Juan Antonio Canel Cabrera
Escritor

Una mañana de hace unos treinta años, más o menos, después de haber escuchado música gregoriana durante toda la noche y estarle metiéndole combustible alcohólico a nuestros cuerpos en la casa de Carlos René García Escobar, el señor Sol nos dijo: “muchá, salgan un cacho a la calle para despercudirse un poco”. Después de una restregada de cheles y darnos cuenta de que dormimos doblados sobre nuestros brazos apoyados en el escritorio, que sirvió de mesa tabernaria, fuimos al mercado a comprar algo de comer; a continuación, caminando con la lentitud de una procesión del Santo Entierro, nos ubicamos en una tiendecita que estaba en la misma cuadra de su casa. Pedimos dos octavos de Venado. Nos dedicamos a observar los dos frascos como si se tratara de imágenes de algún santo milagroso. Así, sin pronunciar palabra, permanecimos un largo rato.

De repente, Carlos René, comenzó a contarme una anécdota que él vivió. Lo memorable y casi mágico fue que, mientras hablaba, yo iba viendo las imágenes y escenas de lo que él contaba reflejado en sus anteojos oscuros; en ellos se espejeaba la ventanita de la tienda que servía de escenario a lo que Charly decía. Yo, como complemento de lo que él contaba, le iba añadiendo detalles de los ambientes en los cuales se realizaba la acción; incluso con descripción de colores y olores. Él se mostró tremendamente maravillado porque, a cada observación que yo hacía, me decía: “¡Puta, mano! Con todos los elementos que usté añade, me da la sensación de que usted estuvo allí”. Por supuesto, no le dije que todo lo que yo añadía lo estaba viendo en sus anteojos. Luego, como para ponerme a prueba, me preguntó detalles que no eran visibles al ojo común, y yo se los respondí con exactitud. Me preguntó de qué color era el calzoncito de la chava, de qué color y tamaño eran sus pezones; si la aureola era grande o pequeña. Si hacía el amor a gritos o a lo mudo. A todo le respondía con cabalidad infinitesimal.

–No puede ser –me decía–, es imposible que usted haya estado allí.

–Yo no le estoy diciendo que haya estado allí, solo respondo a las preguntas que usted me hace –riposté.

Luego de otras muestras de su sorpresa, me expresó:

–Lo que está pasando entre nosotros, en este momento, me está devolviendo la fe en los milagros. Me recuerda un milagro que sentí hace algunos años, lo cual me hizo escribir “Vista de Argenteuil”.
Cuando el licor había obrado el milagro de encendernos las mejillas y levantarnos el ánimo me contó, de manera oral, uno de sus cuentos más queridos, precisamente: “Vista de Argenteuil”.

Hoy, al escribir estas líneas, después de que ayer estuve en el cementerio, acompañándolo en el momento en que ingresó a su tumba, viene a mi memoria ese cuento al cual él tanto afecto le tuvo.

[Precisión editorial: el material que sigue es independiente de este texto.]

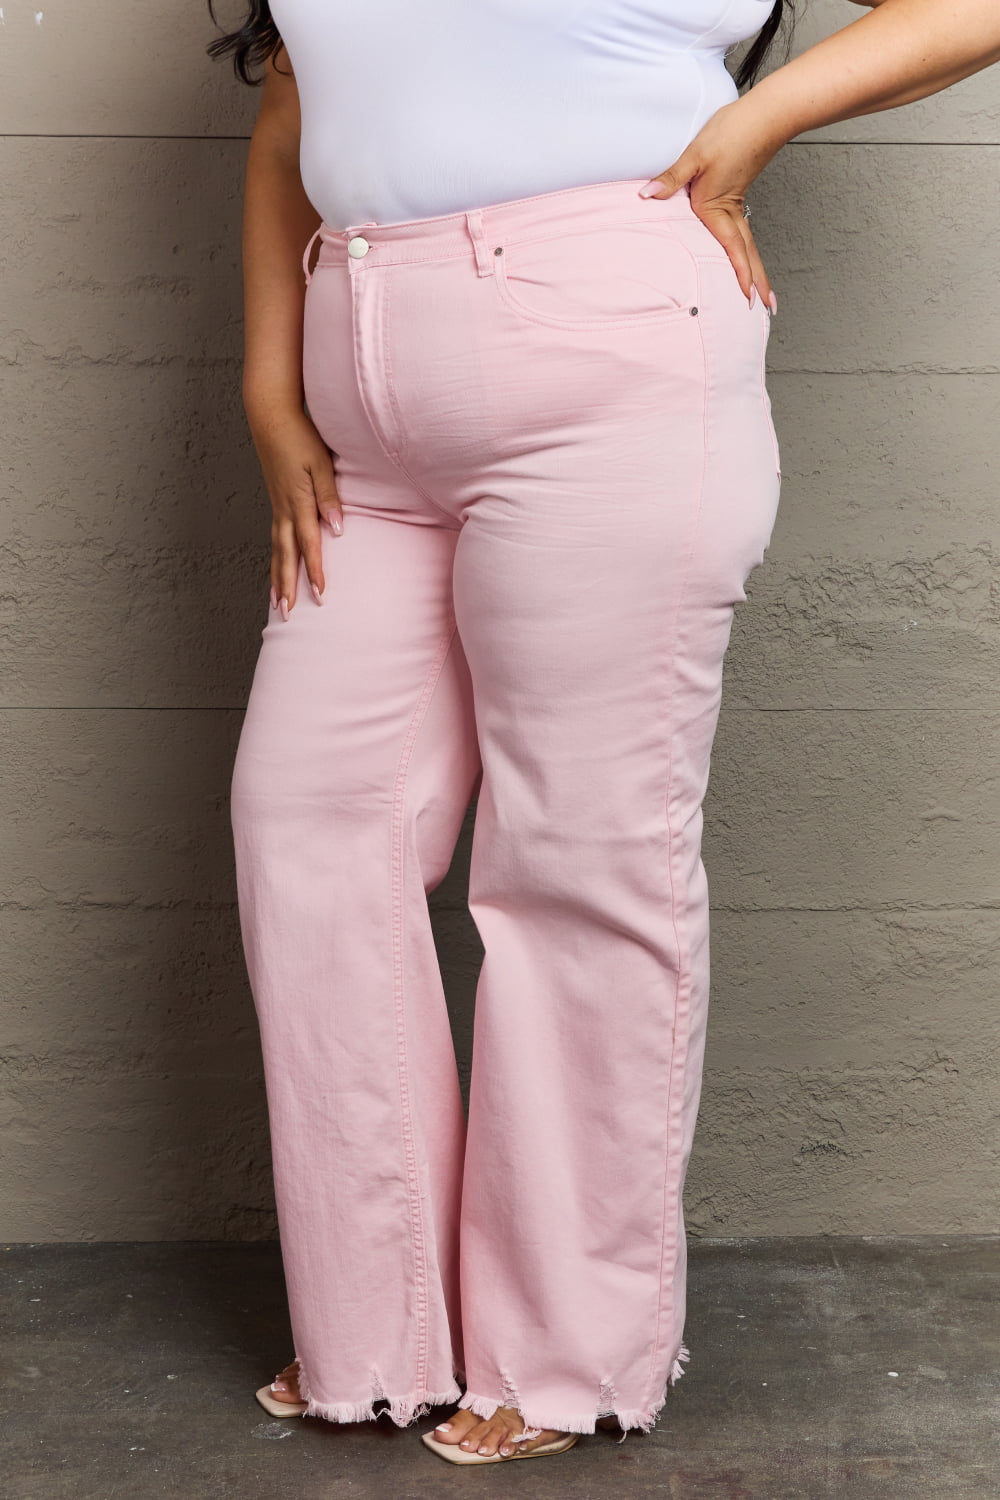 RISEN Raelene Full Size High Waist Wide Leg Jeans in Light Pink Jeans Trendsi

Me parece como si, después de una larga conversación amena, él, de pronto, se hubiese levantado y, sin decir agua va, se hubiese integrado como danzante al baile de toritos y me hubiese dicho: “Ai´ nos vemos”.
Me pareció verlo bailar con entusiasmo, a sabiendas que sería el último baile de su vida. Allí estuve con pintores amigos suyos, tomándonos unos tragos en su memoria. Después de bailar con denodado entusiasmo, me pareció verlo cansando. Volteó a vernos y, enseguida, con su memorable sonrisa, nos dijo: “Ai´se cuidan, muchá”. Entonces, con todo y traje de bailador se metió a la caja mortuoria y se dispuso a dormir para siempre.

Una enorme tómbola de recuerdos comenzó a revolverlos; con una alegría velada por la tristeza acechante, me pareció que nos echamos los brazos a los hombros y comenzamos a caminar por los caminos de la vida, por las rutas de la amistad, a carcajearnos de nuestras ocurrencias, a buscar una cantinita para darles remanso a las palabras y, como decía Quiroa, “a hablar de los hondos problemas de la patria”.

De pronto volví a la semirrealidad; me percaté que su féretro estaba descendiendo en el foso y me pareció oírlo: “bueno, ahora voy a descansar. Ai nos vemos otro día”.